Wednesday, May 02, 2007

The Red Badge of Courage by Stephen Crane

We tend to view the past as unrelated to the present- people did those sorts of things then, but they'd never do that now. It is odd to think that the neat, established facts of the past were once someone's messy, uncertain future. Henry Fleming reflects on this before he first sees combat: "There was a portion of the world's history which he had regarded as the time of wars, but it, he thought, had been long gone over the horizon and had disappeared forever." The Civil War, however, is looming over his, and soon the immediacy of battle comes crashing down upon him.

A young Yankee farm boy, Henry alternates between honest introspection and self-approbating denial. Crane presents him with unflinching authenticity, exhibiting his naïve bravado, his cowardly self-justification, his struggles with life, death, and why. Marching towards battle, Henry encounters his first casualty. “He vaguely desired to walk around and around the body and stare, the impulse of the living to try and read in dead eyes the answer to the Question.”

Henry flees like a threatened animal when he faces the enemy. He recognizes his cowardice but reasons it away, attributing it to a natural sense of self-preservation and excusing it by his later semi-heroics. Crane allows Henry some latitude, giving him moments of unimpeachable profundity, but he nevertheless maintains an ironic distance from him, subtly mocking his pride, which even Confederate bullets glance off harmlessly.

Henry comes face to face with the senselessness of war, but his initial thoughts when the battle is over banish any recollection of it. “He had been an animal blistered and sweating in the heat and pain of war. He turned now with a lover’s thirst to images of tranquil skies, fresh meadows, cool brooks- an existence of soft and eternal peace.”

Henry’s primary impulse is to escape the struggle and strife of the battlefield conflict. Ironically, though, the seeds of such vying lie planted within him. Pride, Henry’s distinctive vice, is at the root of all schisms, and the pride Henry felt in finally presenting himself to the world as a worthy soldier is not so far removed from the pride in the South Robert E. Lee relied on to lead his troops in defying the North.

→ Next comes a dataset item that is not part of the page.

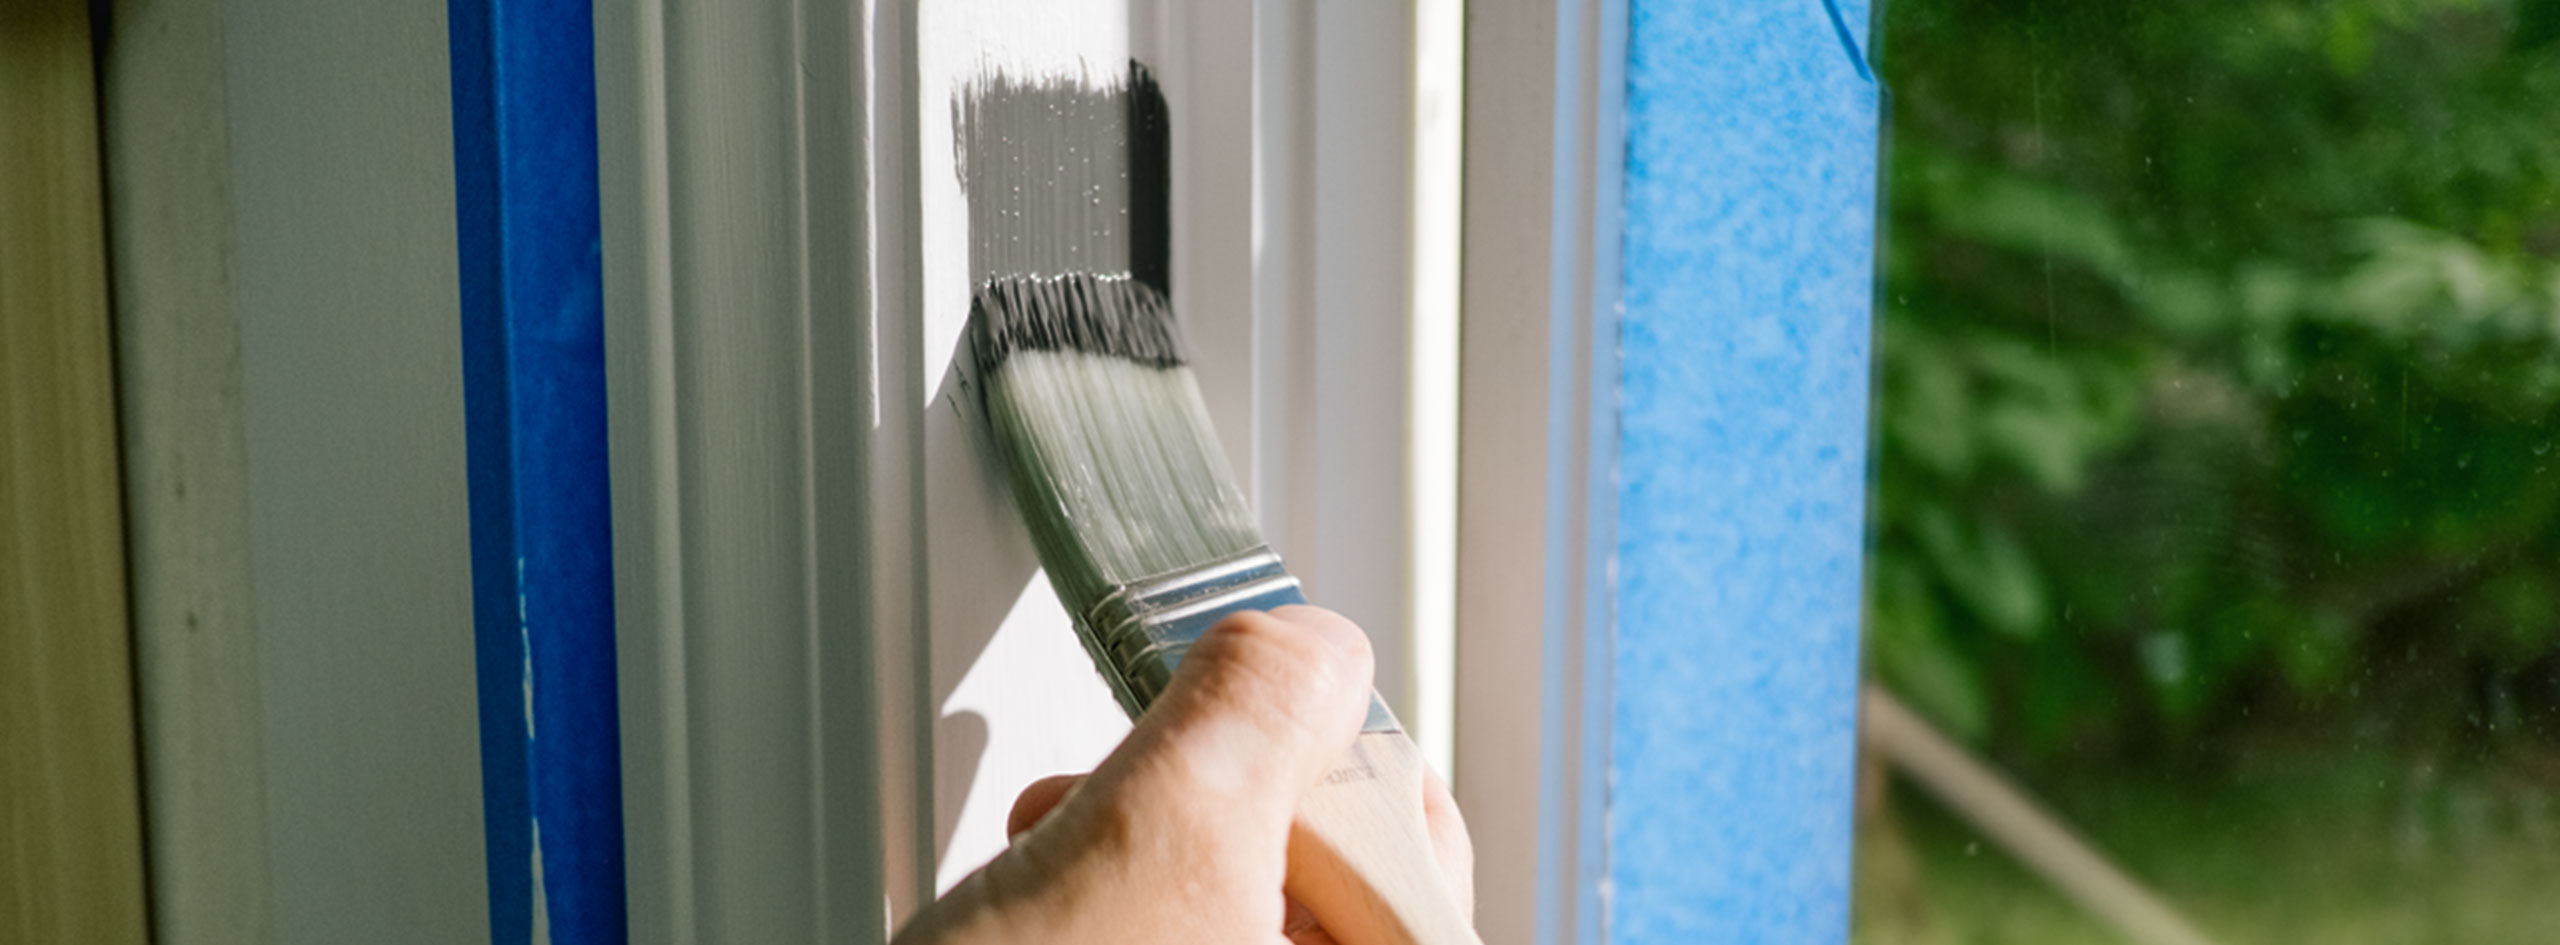 Un propriétaire peint une moulure de fenêtre blanche avec de la peinture grise.
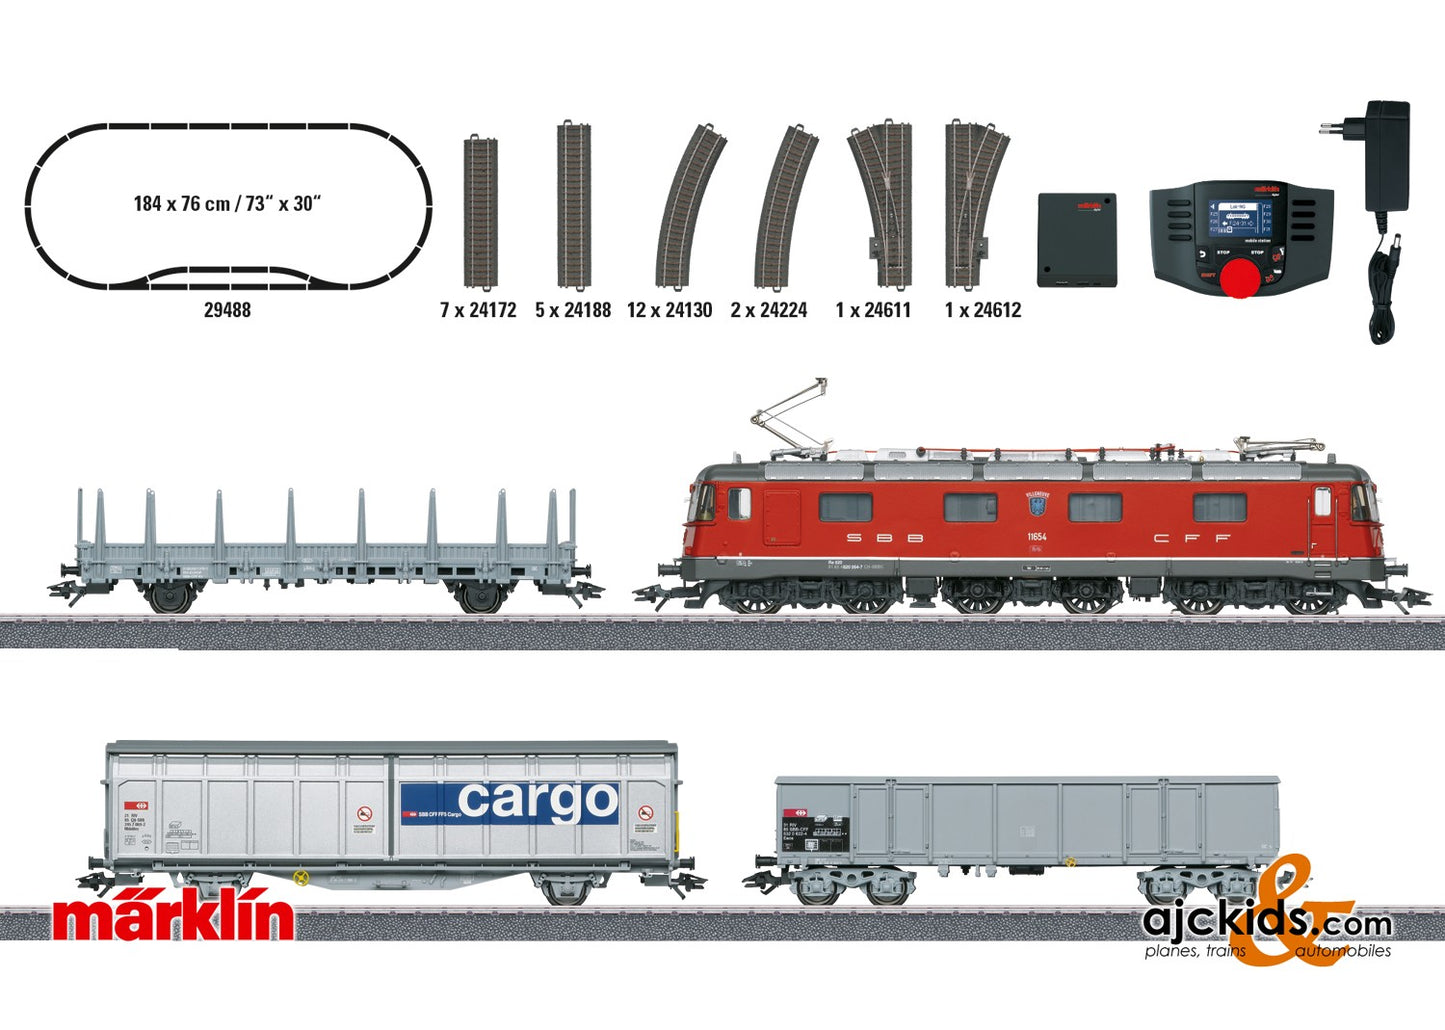 Marklin 29488 - Swiss Freight Train with a Class Re 620 Digital Starter Set, EAN 4001883294889 at Ajckids.com

Crane’s pervasive irony makes uncertain to what extent Henry’s illusions of himself are false. He is a vain boy, to be sure, but he deserves credit for shoring up against his fear and carrying his country’s flag bravely. He wades mainly in the intellectual shallows, but he merits praise for venturing forth as far as he dares. Henry is as complex and blameless, or to blame, as any human. Where our own illusions begin and end are just as vague.

3 comments:

barefootkangaroo said...

Love it!

Great book.

Anonymous said...

Who is a leader in this book

Anonymous said...

Who is the main leader in this book and how do they use their power?